Simplified “Asaan” tax regime aims to expand formal retail sector
ISLAMABAD, June 12, 2026 — Pakistan launches fixed tax scheme for retailers under Rs200 million annual turnover as part of Budget 2026–27, introducing a simplified taxation structure aimed at improving compliance and widening the tax net.
The new “Asaan” scheme was announced by Finance Minister Muhammad Aurangzeb while presenting the federal budget in the National Assembly on Friday.
Simplified Tax Structure for Small Retailers
Under the scheme, eligible retailers will pay either a minimum fixed tax of Rs25,000 per year or 1% of total annual sales, whichever is higher.

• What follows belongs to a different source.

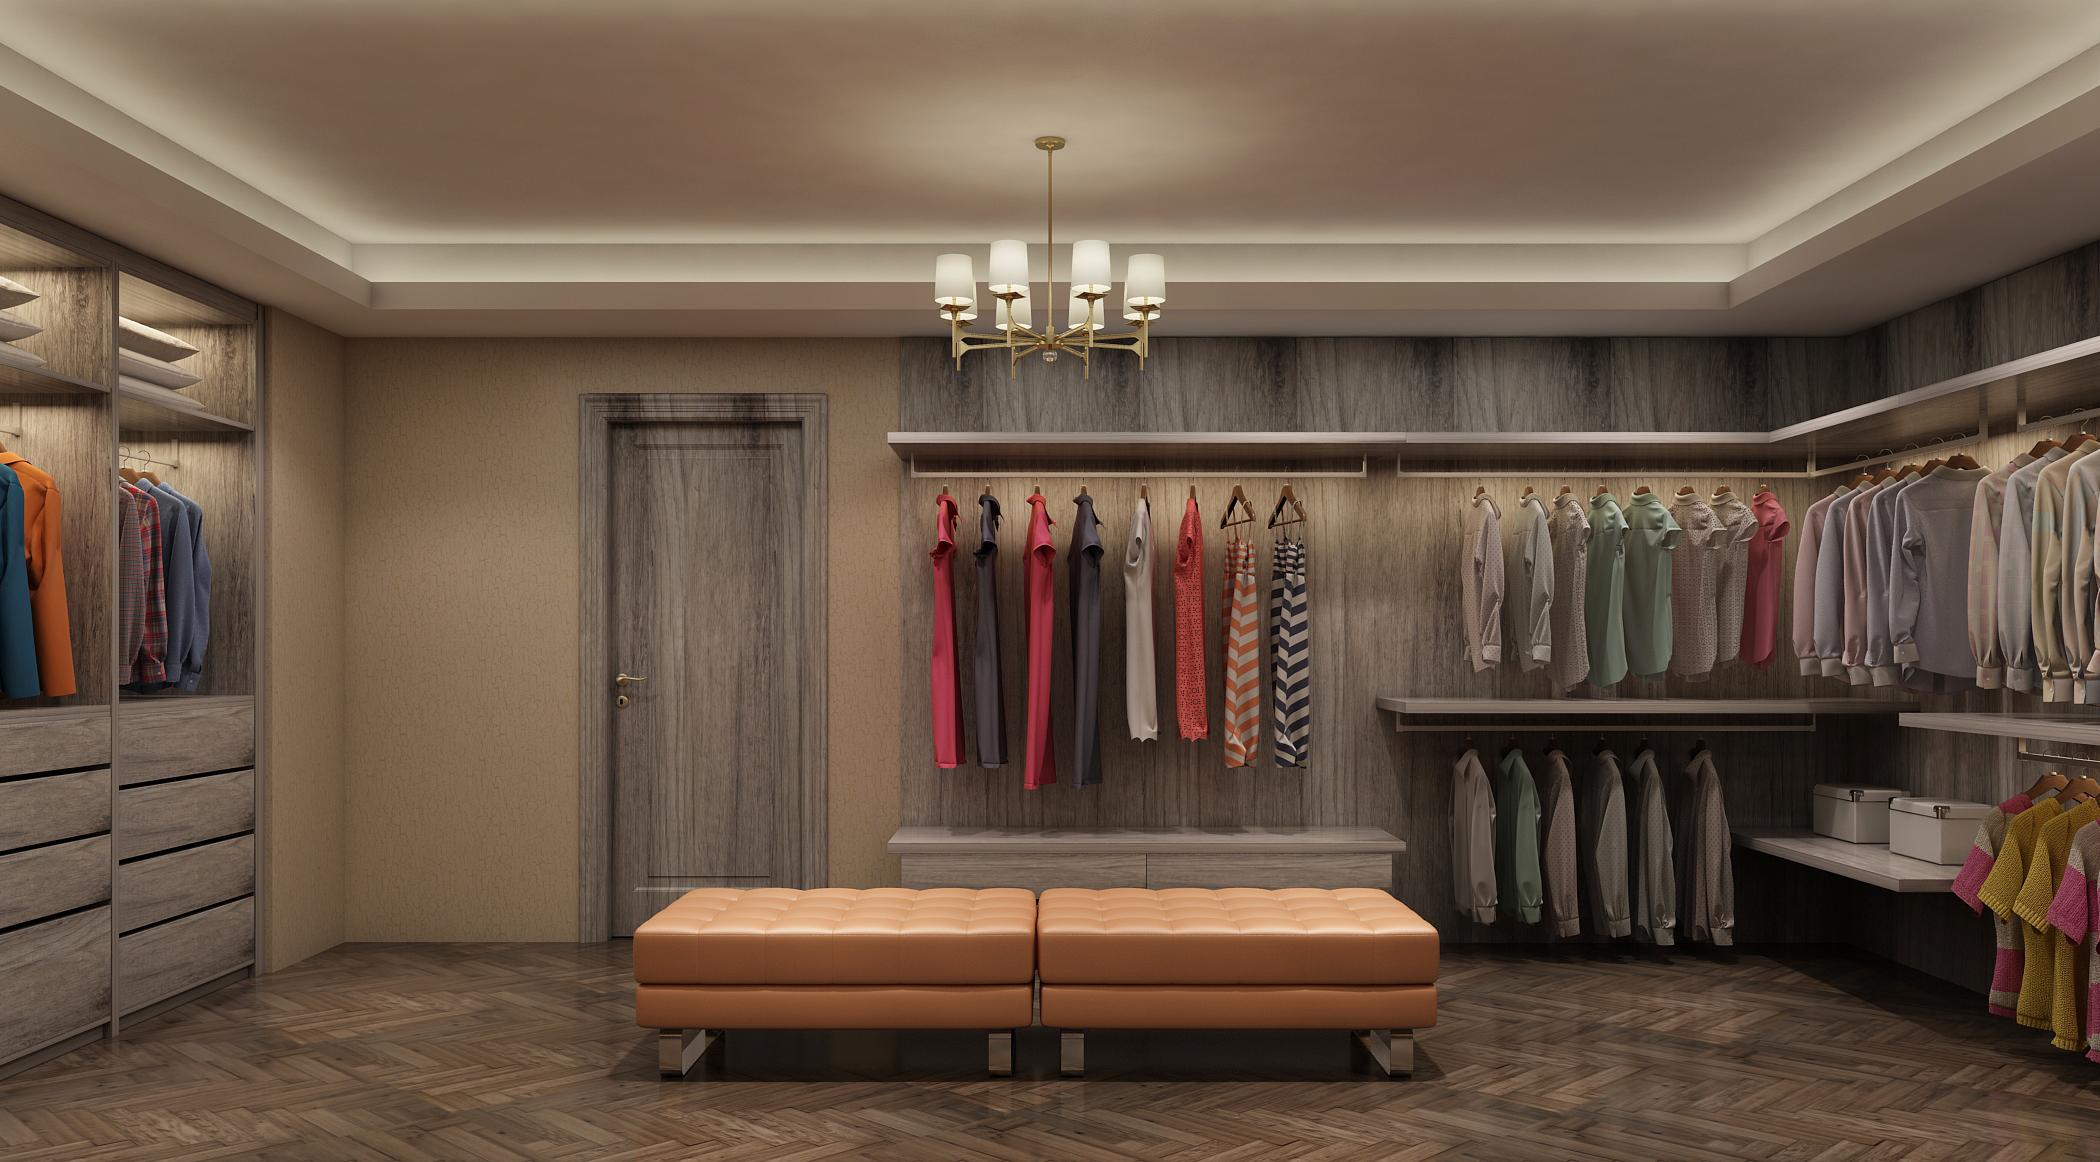 广州衣柜定制加盟:选择衣柜的小建议!

Officials said the framework is designed to reduce administrative complexity for small and medium-sized retailers while improving transparency and efficiency in tax collection.
Push to Expand Tax Base
The government said the initiative aims to bring more retail businesses into the formal economy by simplifying compliance requirements and reducing paperwork.
Policy makers believe the streamlined structure will encourage registration and improve revenue visibility in the retail sector.
Part of Broader Budget Reforms
The measure forms part of wider Budget 2026–27 reforms, which also include salary and pension increases, minimum wage adjustments, and targeted tax relief measures across key sectors.
Finance Minister Muhammad Aurangzeb said the government’s approach focuses on balancing economic relief with structural reforms to support sustainable growth.
Focus on Documentation and Compliance
Officials added that broader fiscal adjustments introduced in the budget are aimed at improving economic documentation and encouraging compliance-driven revenue generation.
The retail tax scheme is expected to play a key role in expanding Pakistan’s formal tax base while easing compliance for smaller businesses.